Starting an unconditional generation experiment

lmnt-com / diffwave

DiffWave is a fast, high-quality neural vocoder and waveform synthesizer.

Apache License 2.0

778 stars 113 forks source link

Starting an unconditional generation experiment #5

Closed ladium493 closed 4 years ago

ladium493 commented 4 years ago

For unconditional generation, is that changing y = self.dilated_conv(y) + conditioner in model.py to y = self.dilated_conv(y) avaliable?

And how to generate samples?

sharvil commented 4 years ago

I haven't experimented too much with unconditional generation yet. You'll have to make the code changes yourself if you want to play with it before I get around to making the changes.

Besides removing the conditioning network, you'll also need to increase the receptive field size so that it covers the entire utterance.
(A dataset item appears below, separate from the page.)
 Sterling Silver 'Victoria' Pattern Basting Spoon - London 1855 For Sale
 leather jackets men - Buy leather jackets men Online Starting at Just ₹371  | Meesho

Specifically:

increase number of layers to 36
increase dilation cycle length to 12
increase diffusion steps to 200
increase residual channels to 256
use a linear spaced noise schedule covering [1e-4, 2e-2]

All of the changes I listed can be made in params.py and are tuned to the Speech Commands 0-9 dataset. Generating samples is pretty straightforward: in inference.py you'll just drop the spectrogram argument and pass in None to the model.

Let me know if you have more questions. I'd love to hear how your experiment goes!

ladium493 commented 4 years ago

Finally got some results instead of small noise. A smaller dataset is used for training (up down left right). T=20 result in some recognizable voices. Thanks for helping!

And what about adding padding to the short samples instead of deleting them? If all samples in a minibatch are deleted, the training process will be terminated, which is annoying. https://github.com/lmnt-com/diffwave/blob/master/src/diffwave/dataset.py#L56

sharvil commented 4 years ago

Great! Glad to hear you're getting something that resembles speech.

Padding is a valid way to handle short samples, though it has the effect of being less computationally efficient. Another option - especially if you have a lot of short samples which it sounds like you do - is to reduce the number of frames to train on (also in params.py).

ladium493 commented 4 years ago

Yes that works. My problems are solved. Thanks for your helping!

ladium493 commented 4 years ago

Yes that works. My problems are solved. Thanks for your helping!

moiseshorta commented 4 years ago

Hi,

I'm very curious onto how to implement the unconditional generation for my experiments as well.

Would have any code modifications on how to do this?

Thanks so much

sharvil commented 4 years ago

@moiseshorta, have you tried making the changes I described in https://github.com/lmnt-com/diffwave/issues/5#issuecomment-707326100? That should be a good starting point for your experiments.